In a statement read to Iowa House members at a March 9 meeting of an Appropriations subcommittee, University President Barbara Wilson said she made the decision after “listening to the concerns of Iowans, and in consultation with the Board of Regents leadership.” She noted that the Athletics Department “is a self-sustaining unit that does not receive any tuition revenue or tax revenue.”
The Iowa Attorney General’s office negotiated the $4.175 million deal to settle the lawsuit, which claimed the football program and several coaches created a racially hostile environment for players. It was the fourth time the Athletics Department has paid to settle a discrimination lawsuit since Gary Barta became athletics director, but the first time a deal required the state’s general fund to cover part of the expenses.
The settlement does not require the university to admit wrongdoing. Even so, head football coach Kirk Ferentz said in a statement he was “greatly disappointed” by the outcome. He and other coaches who were named defendants had sought to have the case dismissed.
“CLEAR PERSONAL ACCOUNTABILITY IS NECESSARY”
Two members of the State Appeal Board, State Treasurer Roby Smith and Department of Management Director Kraig Paulsen, approved the settlement on March 6 over the objections of the third member, State Auditor Rob Sand.
Sand argued that Iowa taxpayers should not be on the hook for wrongdoing when the department collects “tens of millions” of dollars annual under a Big Ten TV network deal. He said “Clear personal accountability is necessary,” and he would not approve the settlement “unless Gary Barta is no longer employed at the University and forfeits any severance or similar pay.”
Paulsen and Smith felt the settlement was in the state’s financial interests, though Smith said during the meeting, “Discrimination of any kind is unacceptable and should not be tolerated.” He encouraged the university “to re-examine its relationship with not only Gary Barta, but [offensive coordinator] Brian Ferentz and others named in recent lawsuits.”
Barta’s current contract runs until 2024. The previous university President Bruce Harreld extended the athletics director’s contract twice, most recently in 2019, even though the university had agreed in 2017 to pay $6.5 million to settle discrimination lawsuits filed by two former female department employees.
PRESSURE FROM THE LEGISLATURE
Sand wasn’t the only elected official upset by recent developments.

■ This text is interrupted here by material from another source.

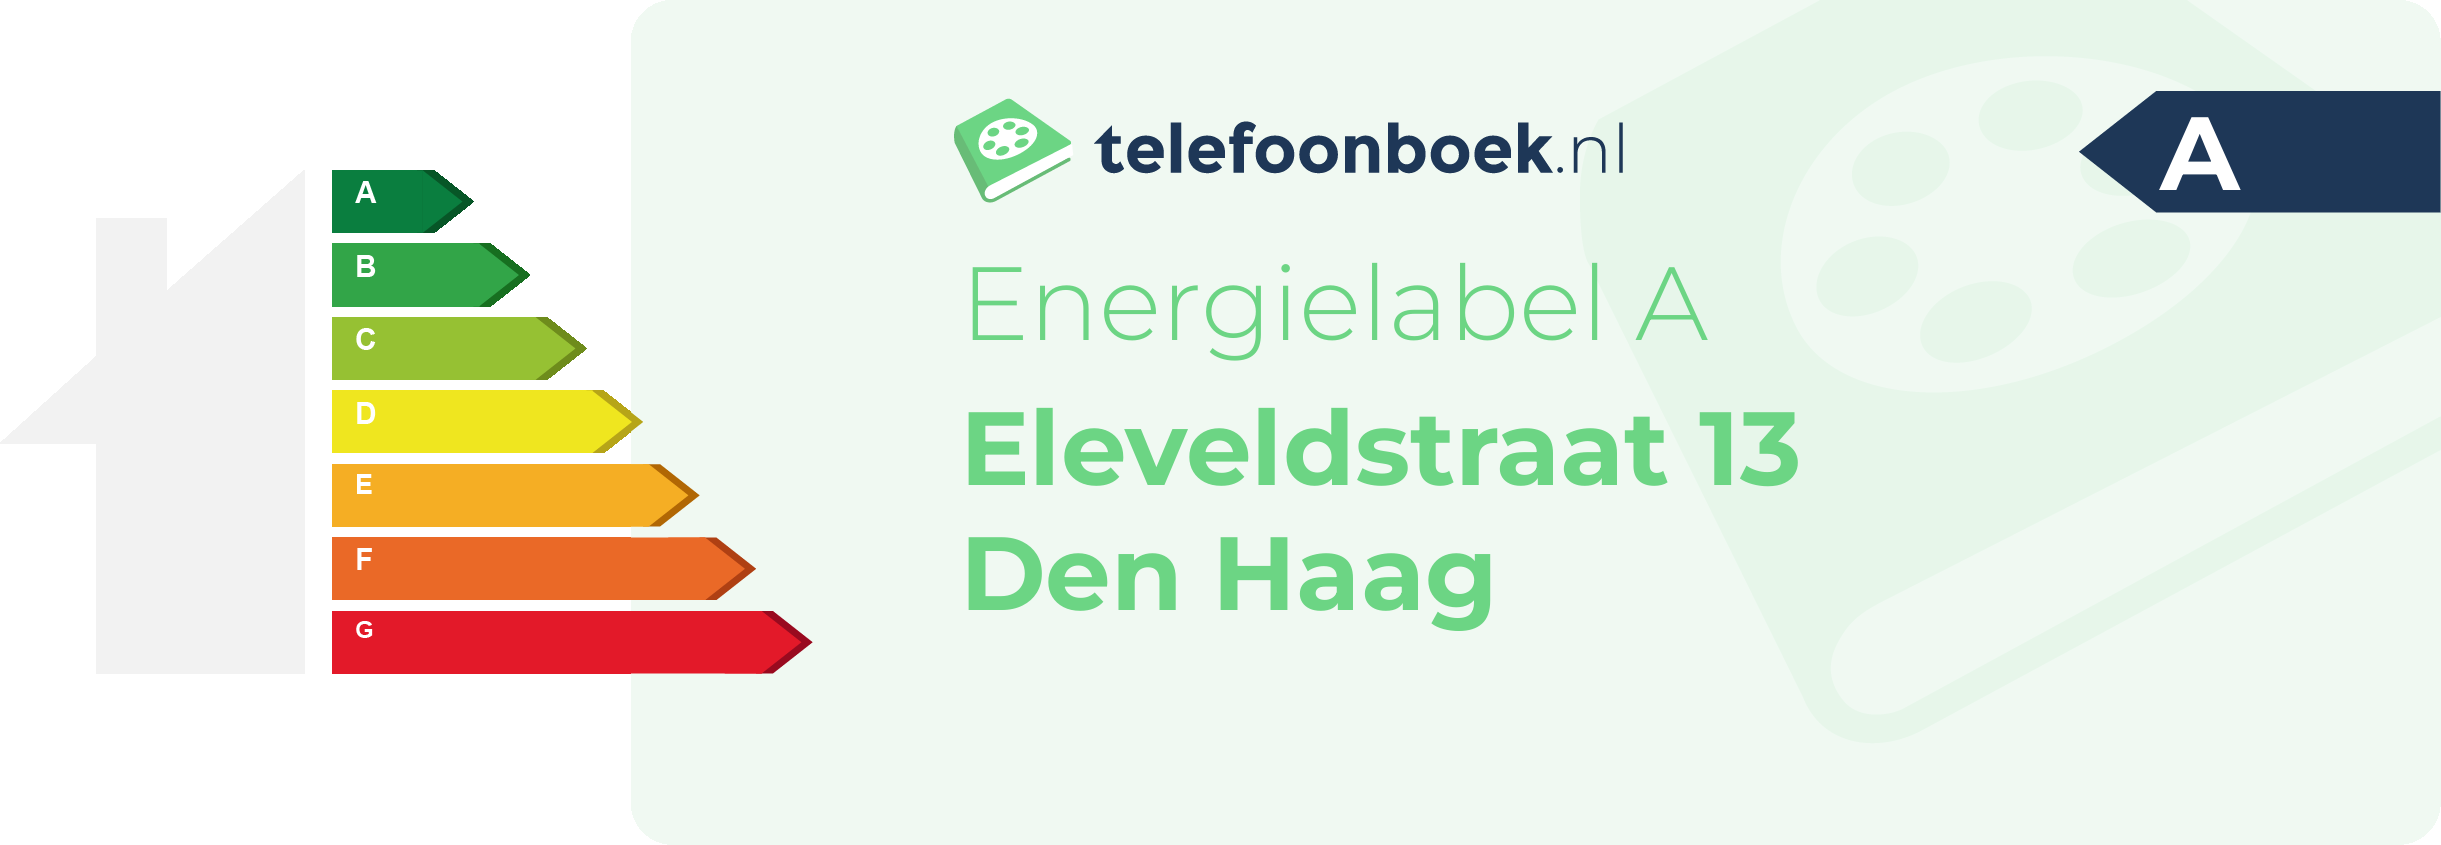 Energielabel Eleveldstraat 13 Den Haag

Republican State Senator Annette Sweeney characterized Barta as a “stench hanging over our great university” in a March 6 speech delivered on the Iowa Senate floor.

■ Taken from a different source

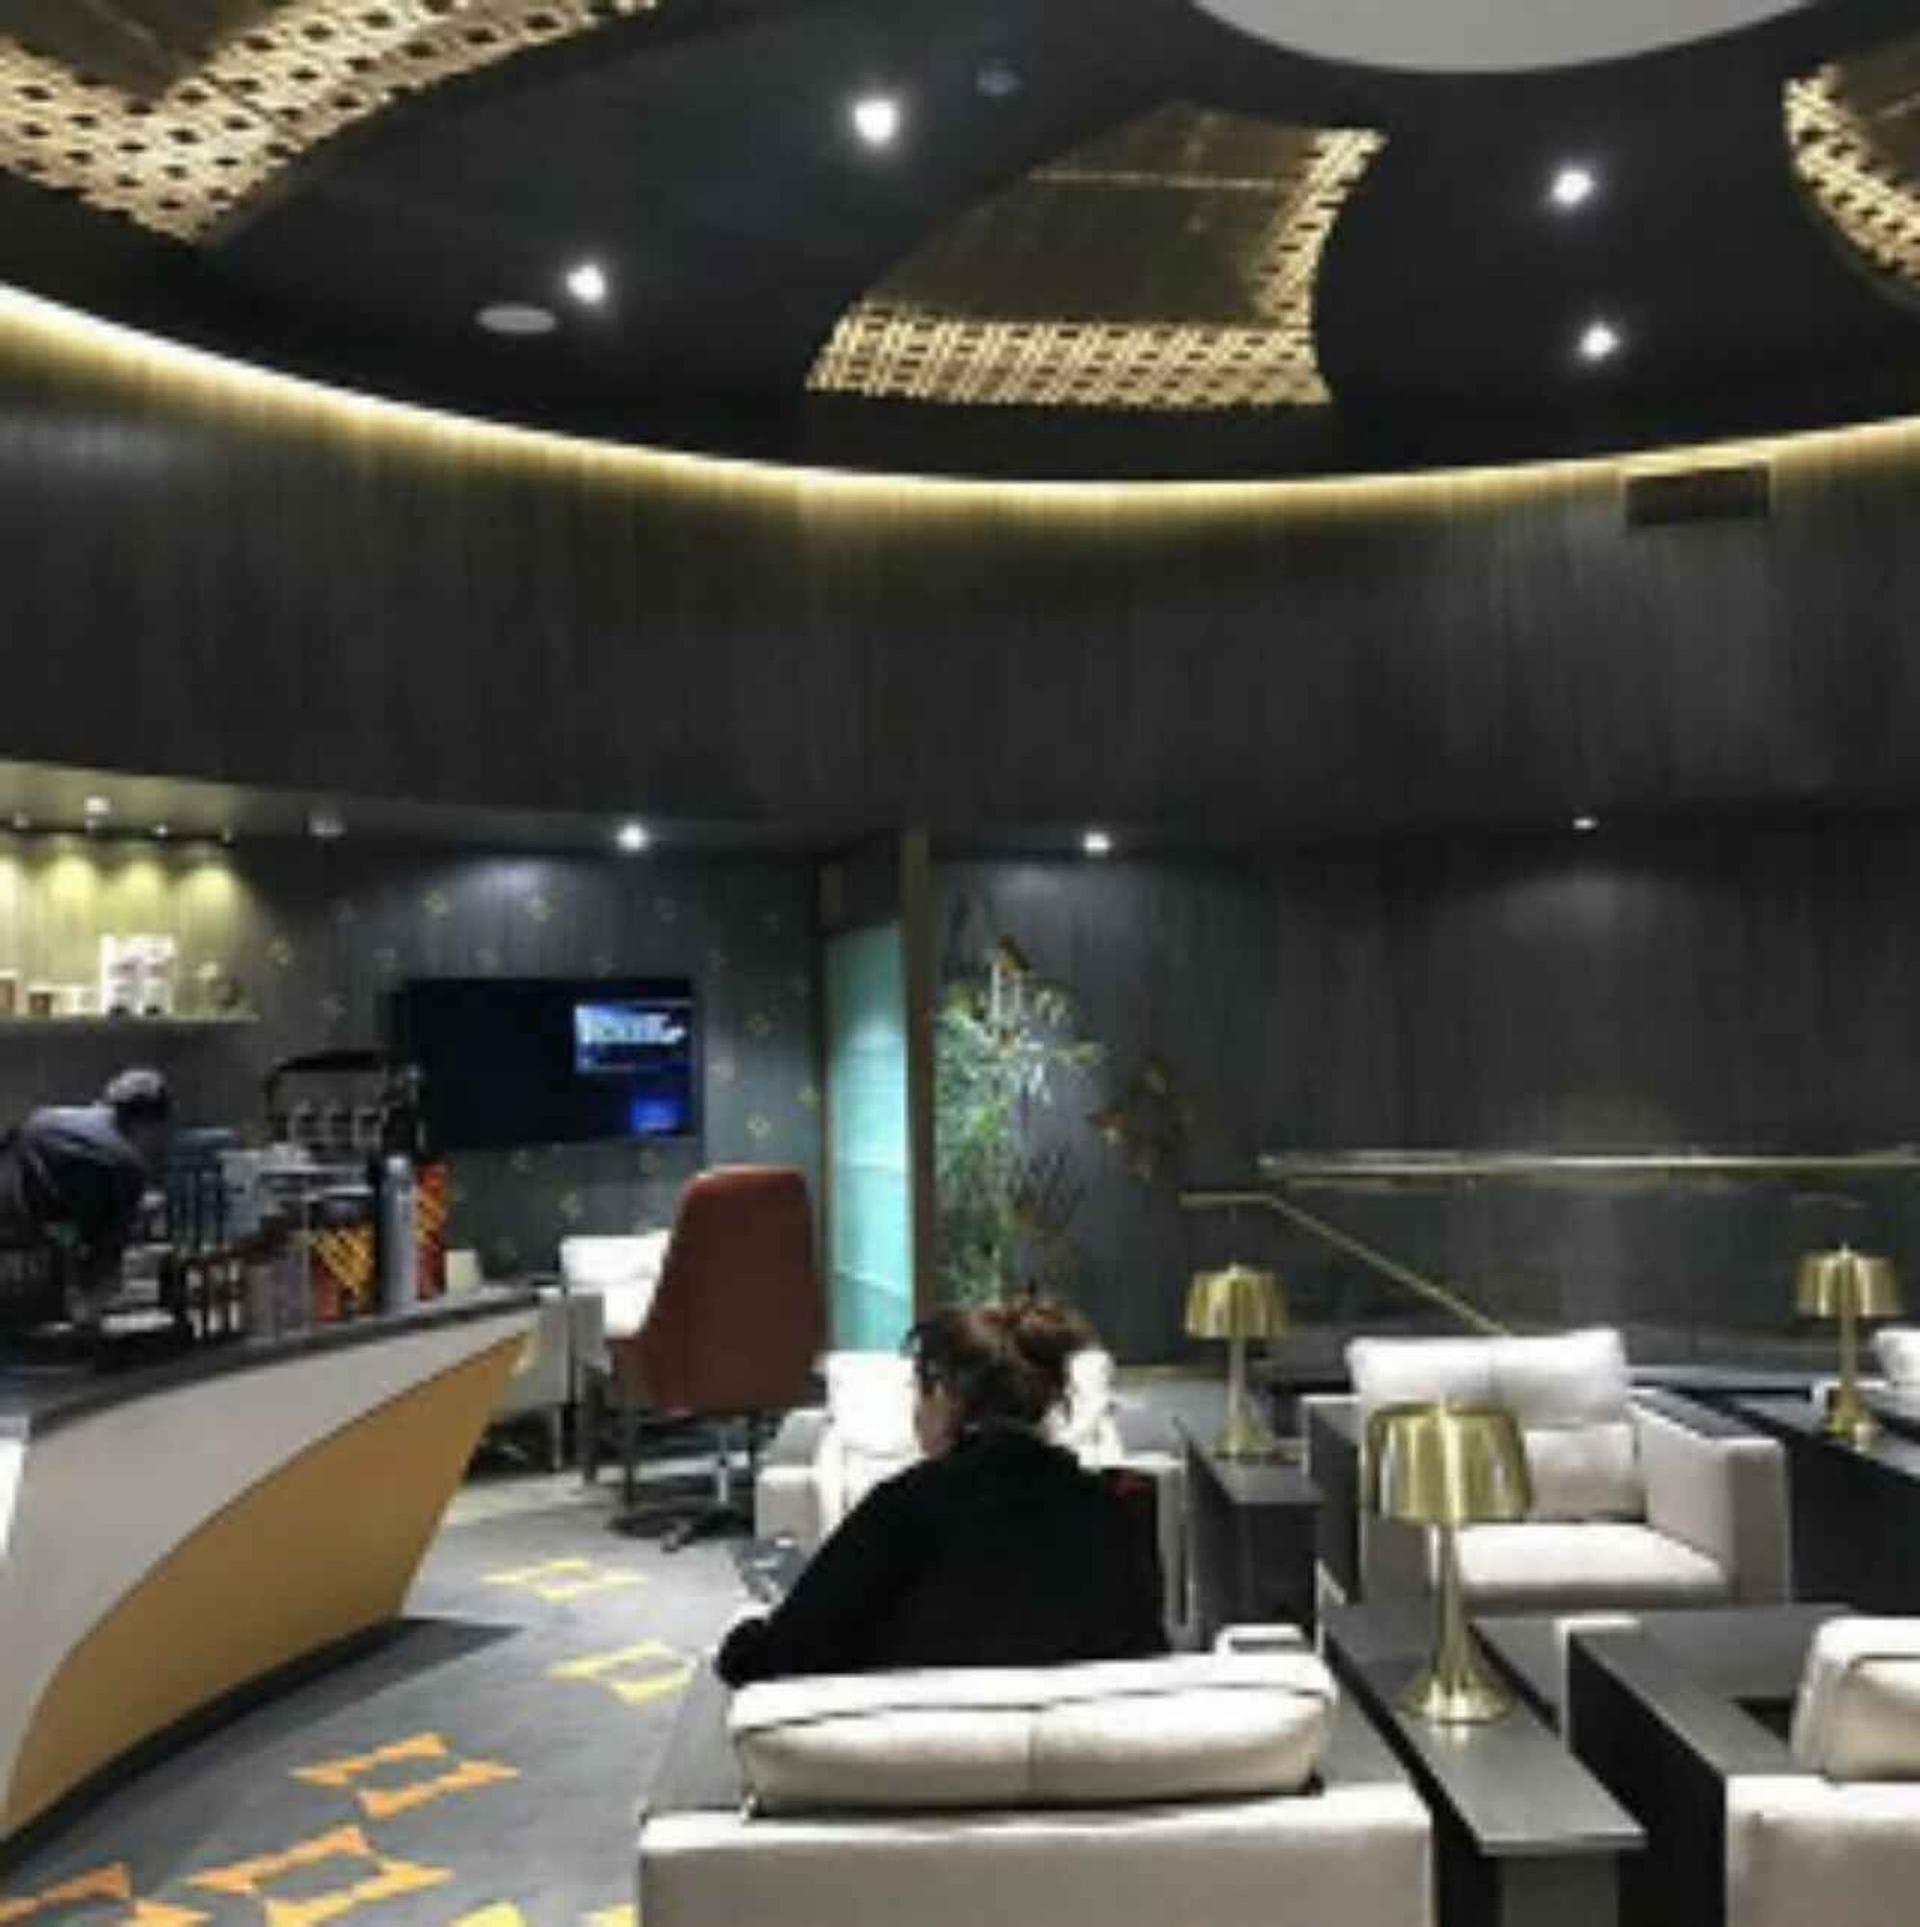 Bank Alfalah Premier Lounge (Domestic) image 4 of 5

Sweeney said Wilson should tell Barta to “resign immediately or be relieved of his duties.” She also called on the state legislature to review the budget for the Iowa Board of Regents (which oversees the state’s universities) “and hold it until the stench over Iowa City is dismissed.”

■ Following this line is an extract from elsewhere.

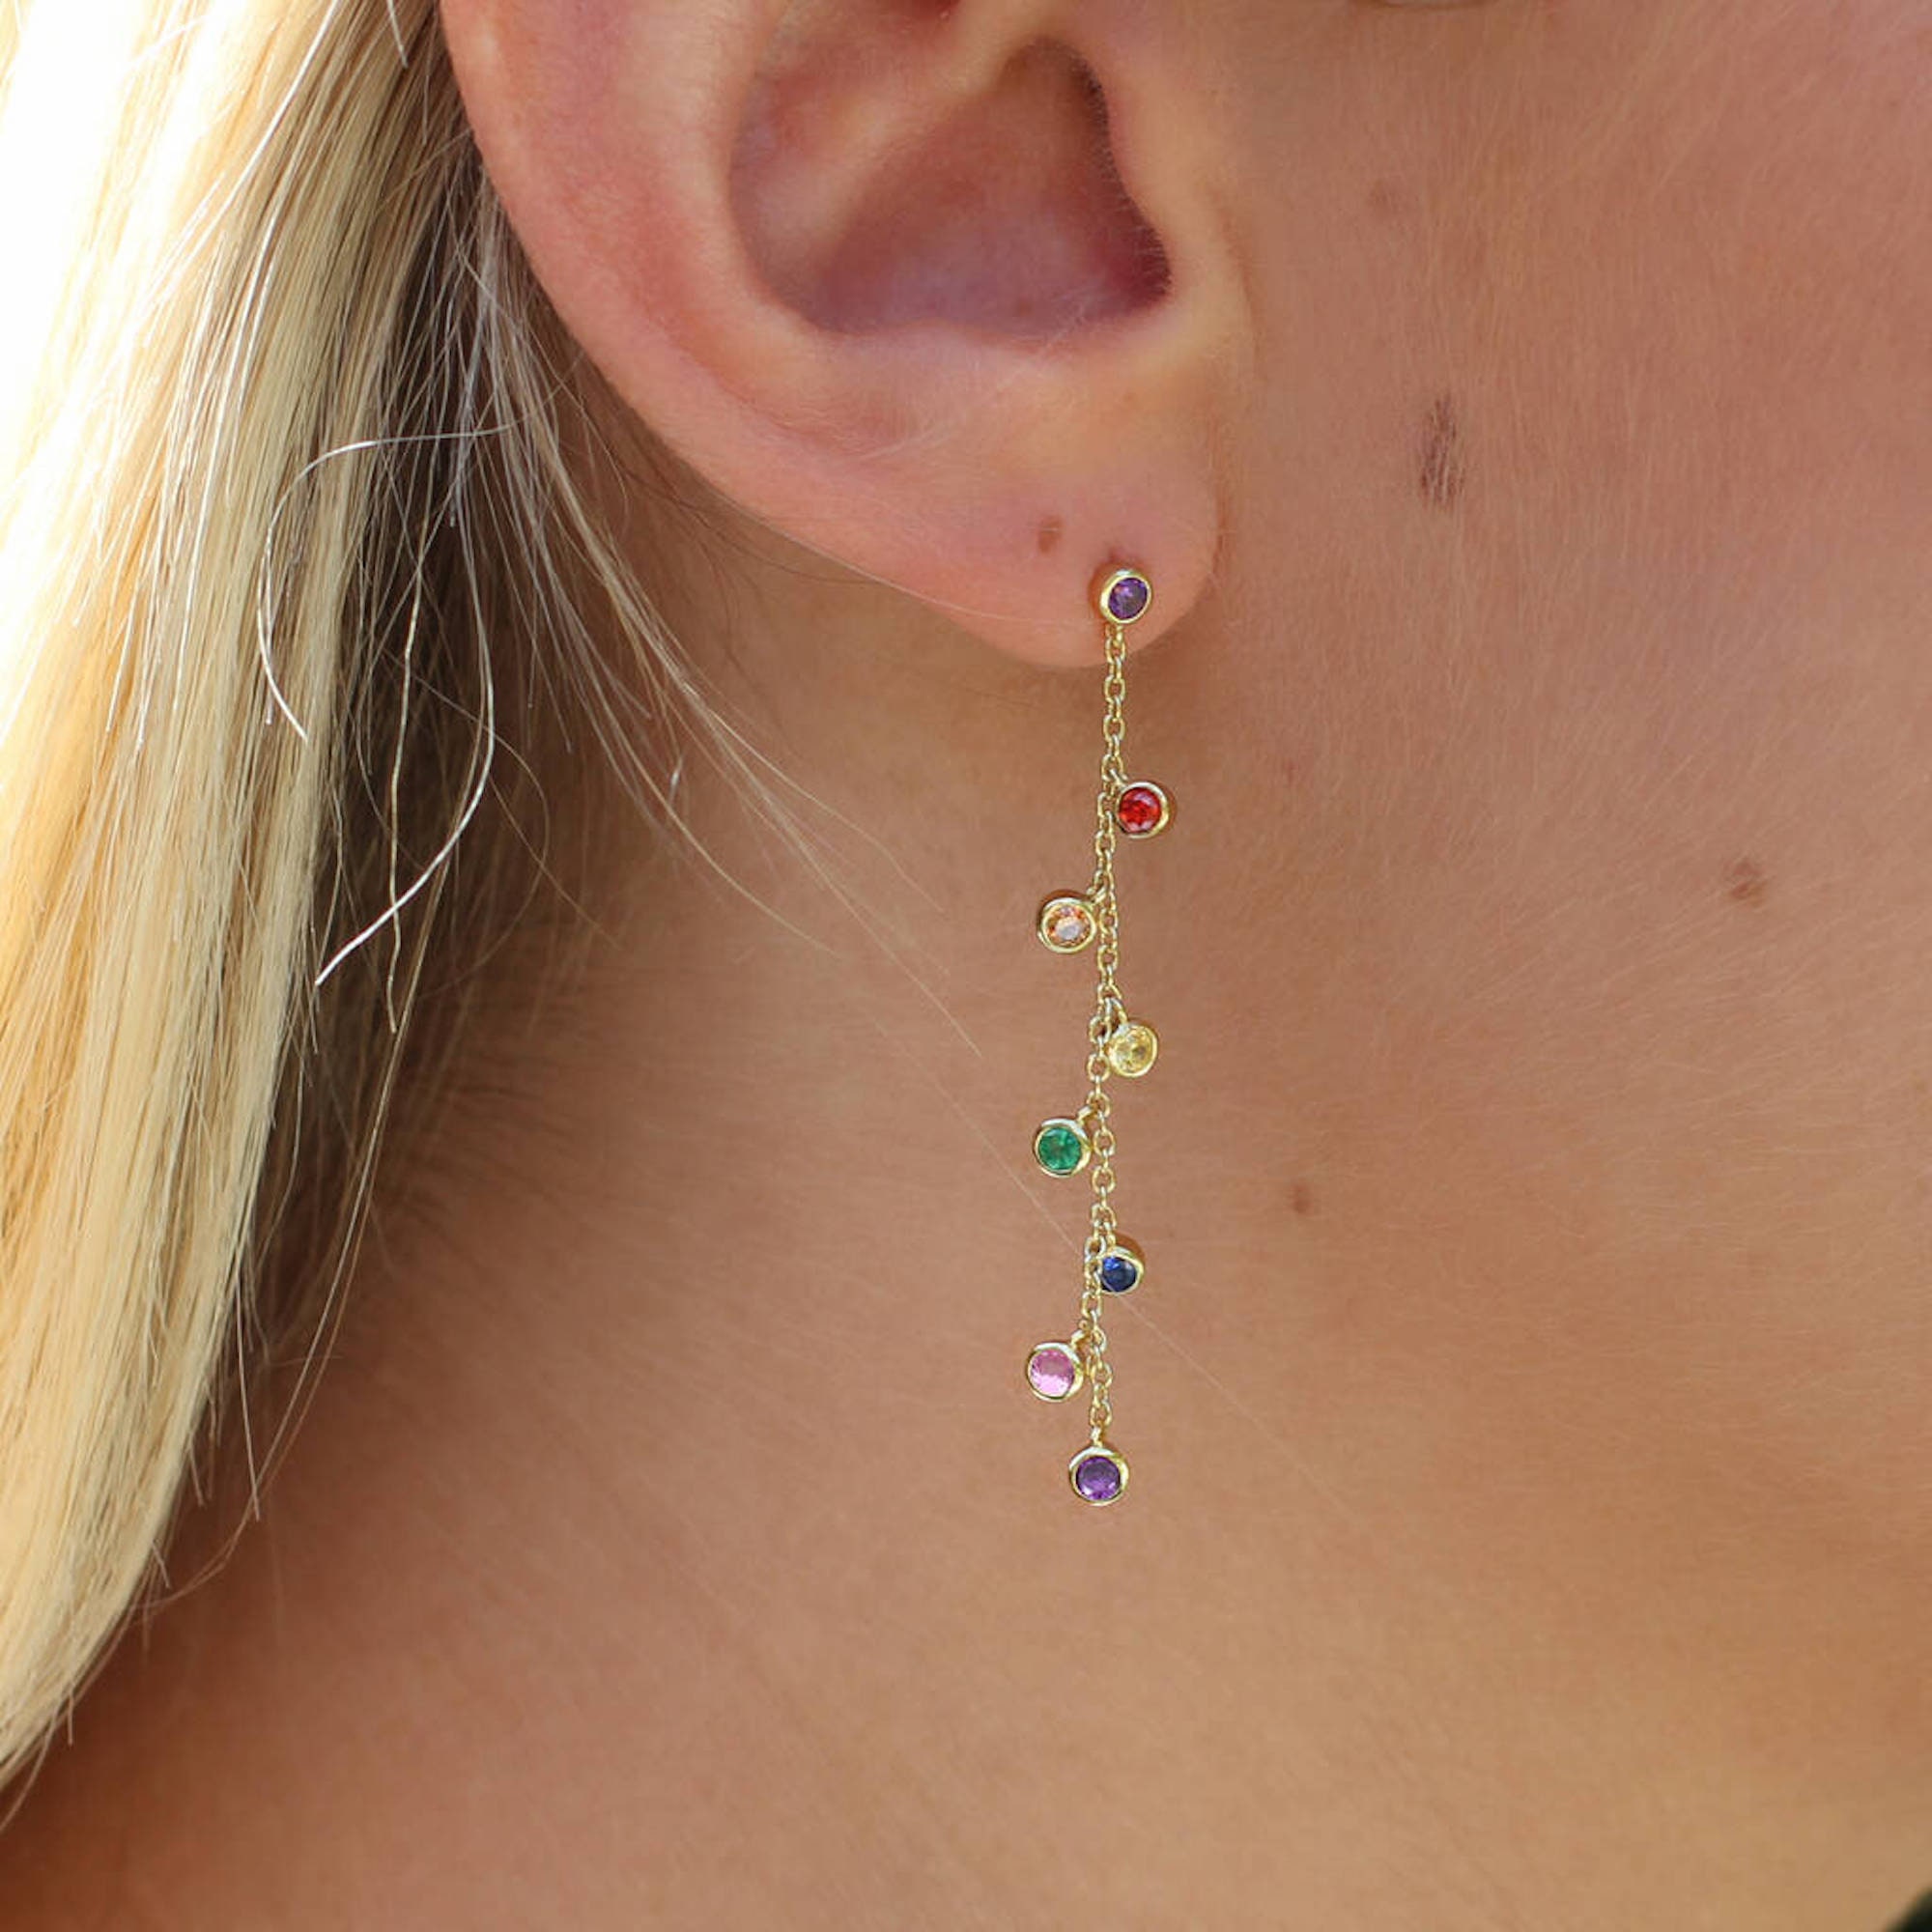 Buy Gold Rainbow Gemstone Crystal Earrings Online in India  Etsy

During the March 6 State Appeal Board meeting, Paulsen (a former Iowa House speaker) said the legislature should consider the “public policy question” of whether the state’s general fund should pay to settle lawsuits related to University of Iowa athletics or health care.
That process began on March 8, when House Appropriations Committee chair Gary Mohr introduced House Study Bill 229. The bill would retroactively require state universities to reimburse the state treasury for “an award or judgment on a claim relating to the conduct or actions of an employee of an athletic department.” (Appropriations bills are not subject to the legislature’s “funnel” deadlines.)
Mohr immediately assigned the bill to a subcommittee, which met for about three minutes on the morning of March 9. First, a Board of Regents employee read out Wilson’s statement promising to use $2 million in athletics department funds to pay back the state.
The subcommittee chair, Republican State Representative Carter Nordman, said he appreciated Wilson’s decision. He said he wasn’t sure whether the reimbursement would be happening “without the pressure from Iowans and some members in the legislature,” so the subcommittee would advance the bill to cover “future settlements of lawsuits.”
Nordman and the other subcommittee members—Republican Taylor Collins and Democrat Sean Bagniewski—agreed to move the bill to the full House Appropriations Committee.
Asked about the university’s plan to reimburse the state $2 million, Sand said during a March 9 news conference he was “delighted” Wilson listened to his concerns and “to the outcry from taxpayers who wanted real accountability,” adding that he “would like a copy of that check mailed to this room, 111 in the state capitol building, Des Moines, Iowa 50319.”
Sand said he hadn’t read the bill just advanced by the House Appropriations subcommittee. He has voted against four settlements that came before the State Appeal Board, because they didn’t demand personal accountability from the perpetrators of harassment. He said state law already allows the state to sue individuals responsible for “willful and wanton” misconduct to get dollars repaid in settlements resulting from that individual’s behavior. He would like the legislature to make such lawsuits mandatory.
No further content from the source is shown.